## [TO DO]
Restate, exactly and without pictures, the lines from the start of the listing below through the line holding "London, UK. 21.".
RECORDED INFORMATION: Begin
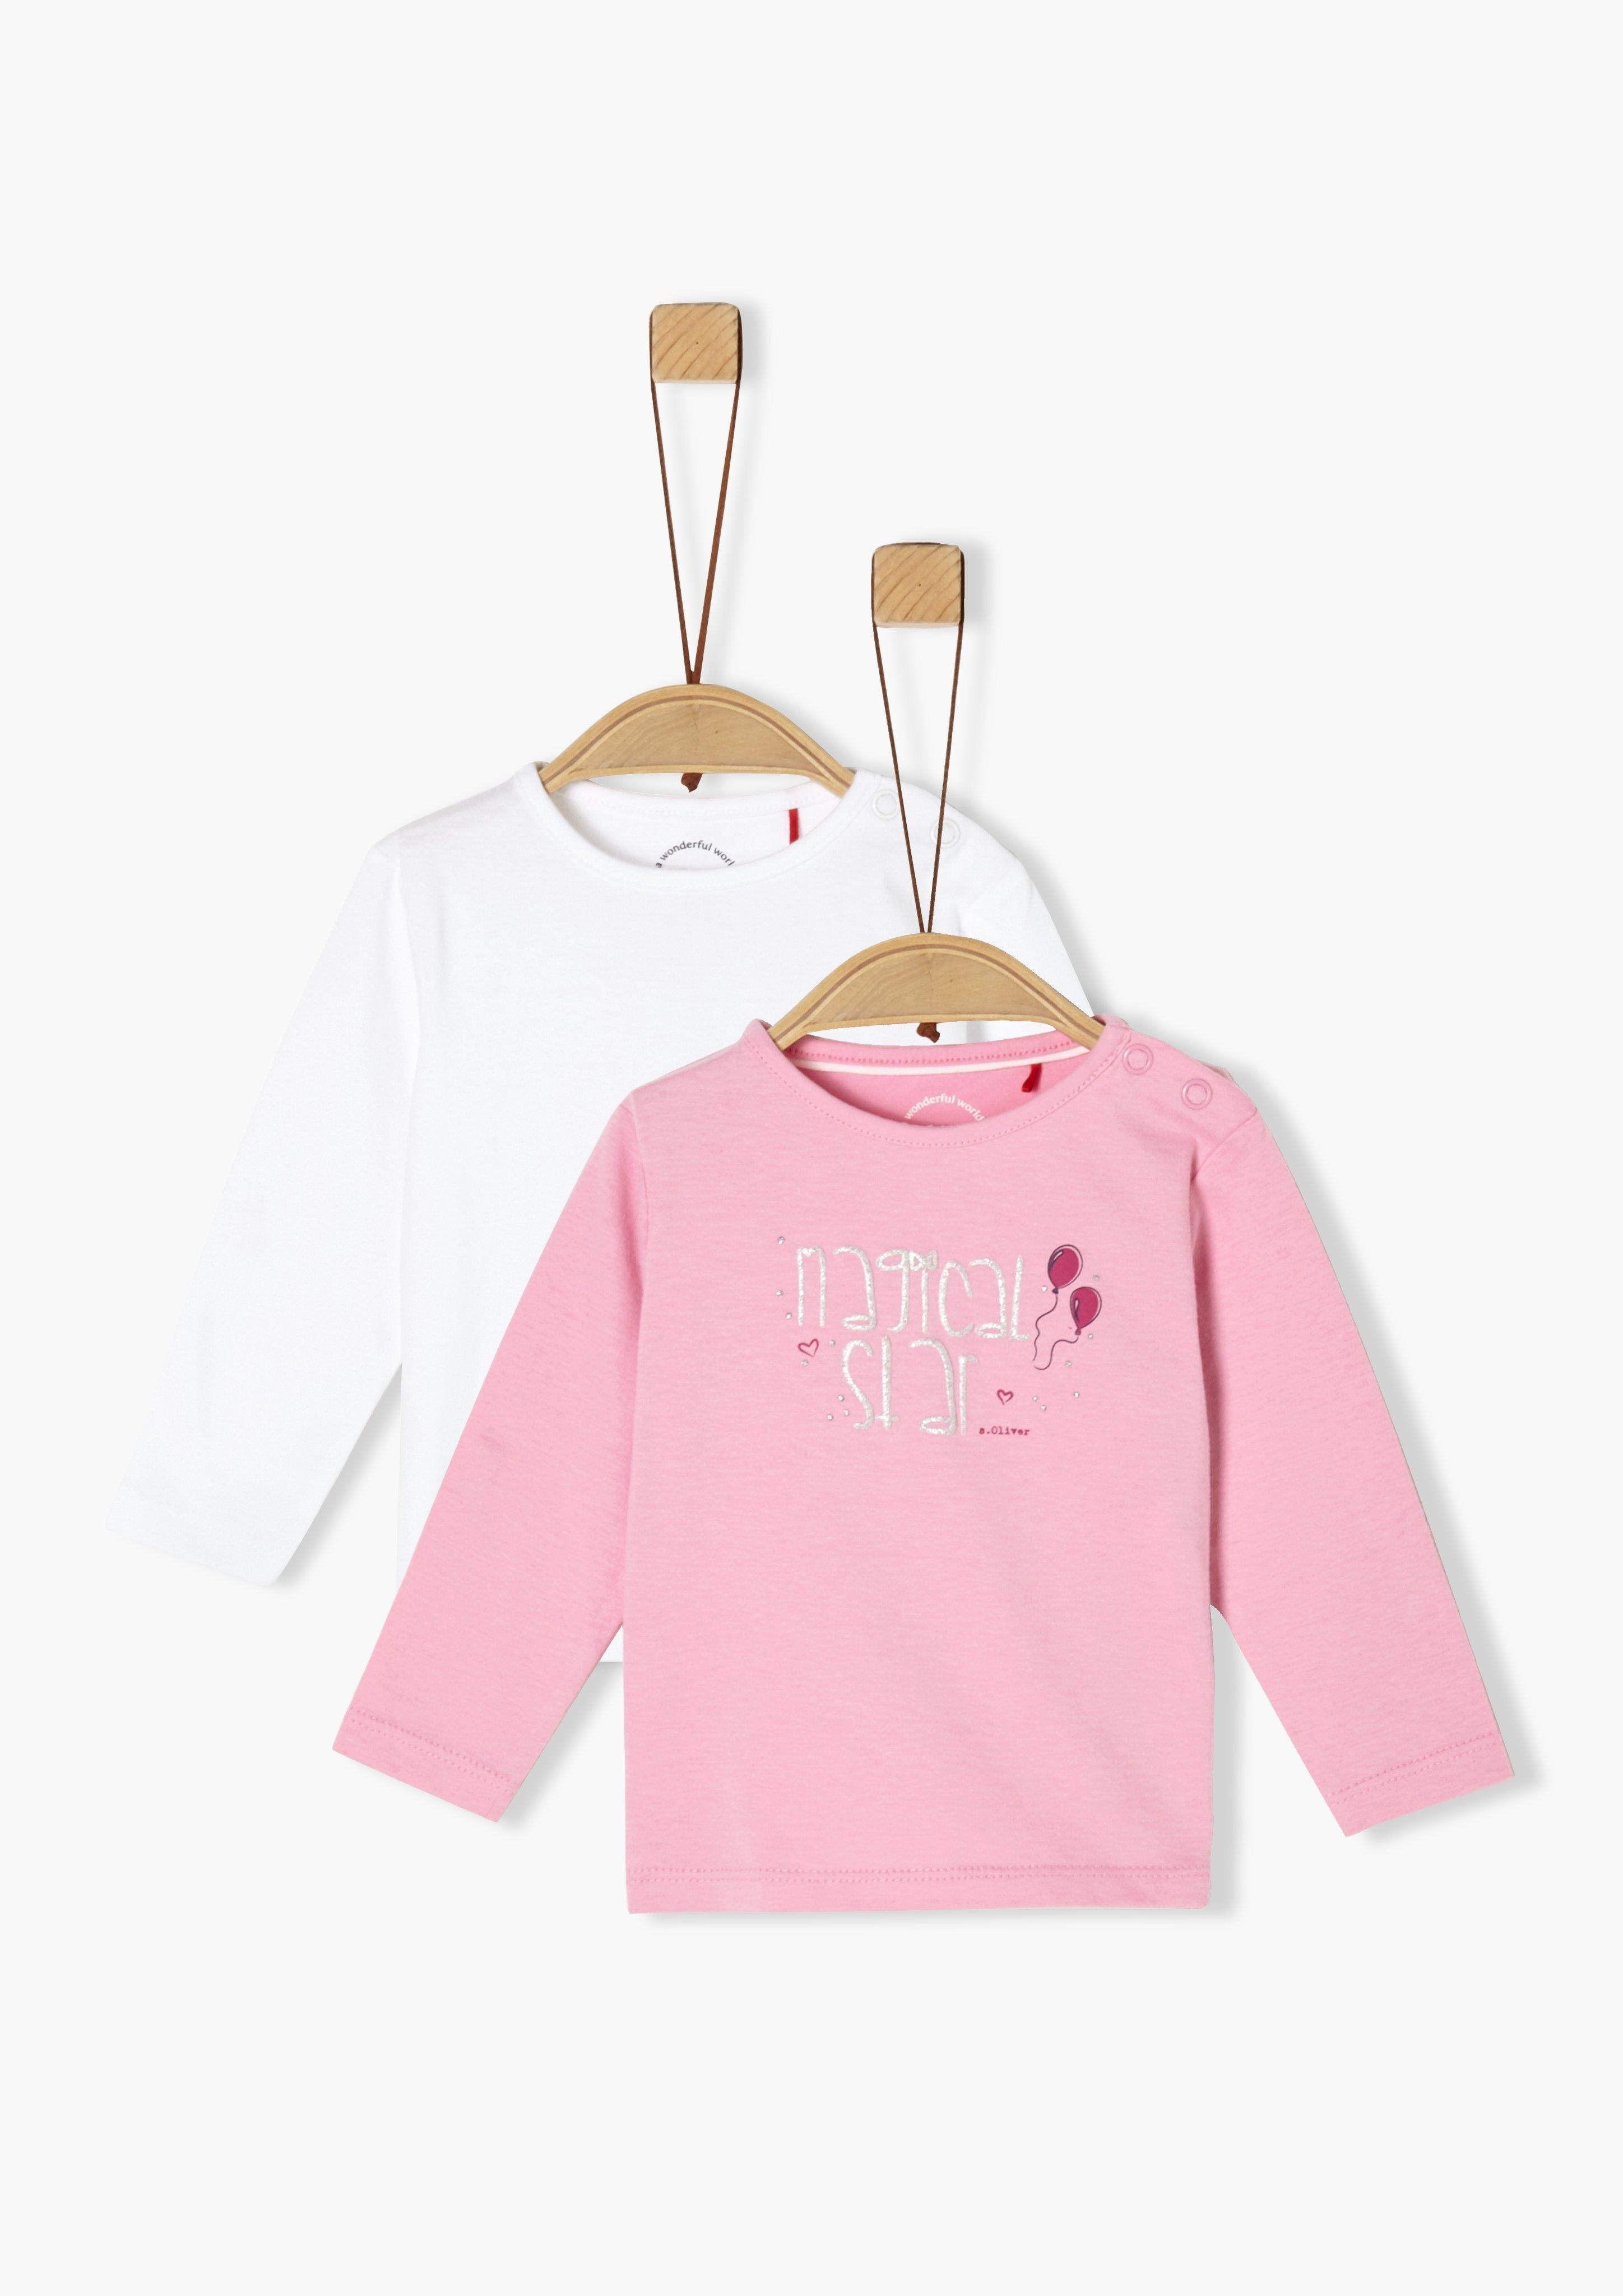 s.Oliver Set van 2-shirts met lange mouwen_voor baby's - gratis ruilen op otto.nl
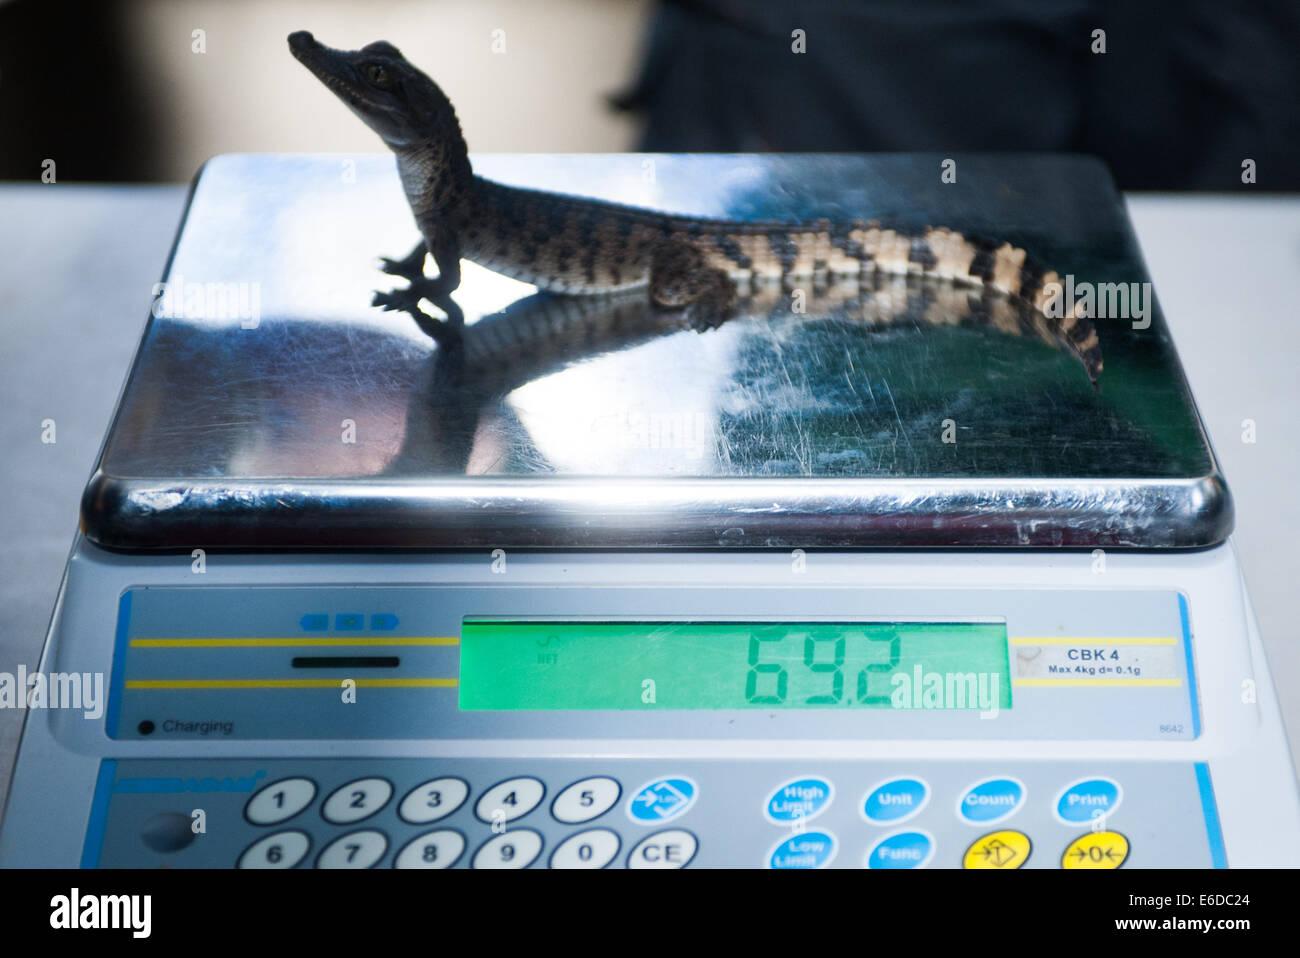 London, UK. 21. August 2014. 7 Wochen Phillipine Krokodil, 79 Gramm, misst während der ZSL London Zoo jährliche Stockfoto
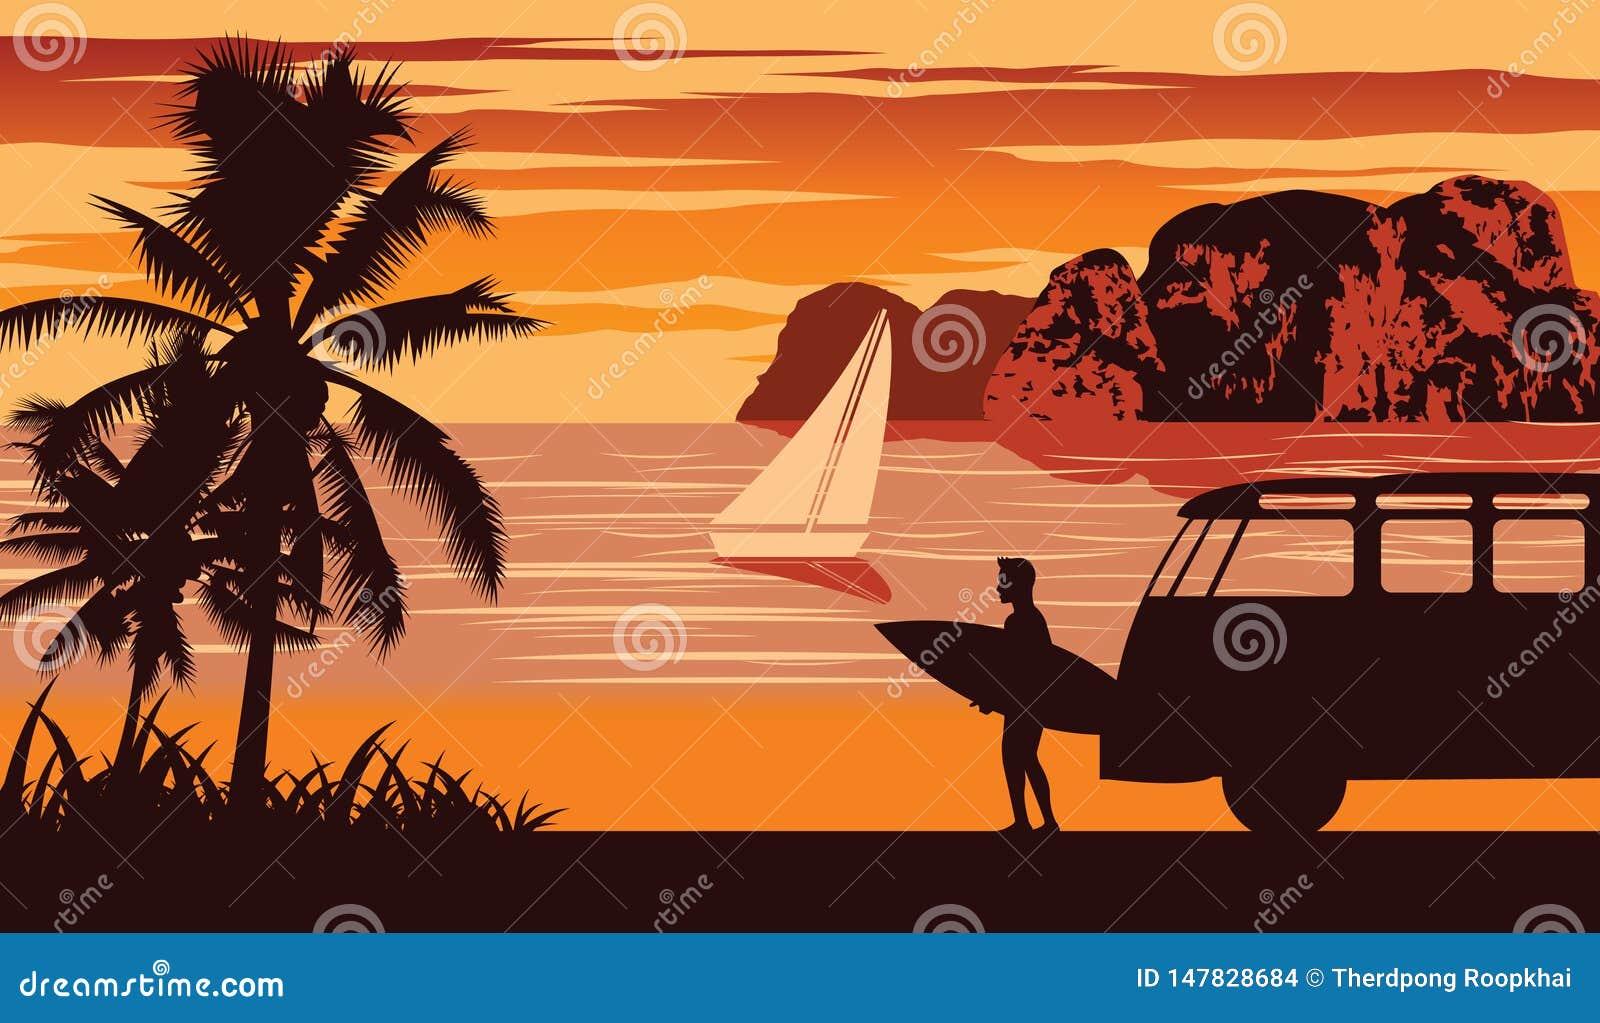 Escena de la naturaleza del mar en verano, tabla hawaiana del control del hombre cerca de la playa, diseño del color del vintage
RECORDED INFORMATION: End
## [ANSWER SECTION]
 s.Oliver Set van 2-shirts met lange mouwen_voor baby's - gratis ruilen op otto.nl
 London, UK. 21. August 2014. 7 Wochen Phillipine Krokodil, 79 Gramm, misst während der ZSL London Zoo jährliche Stockfoto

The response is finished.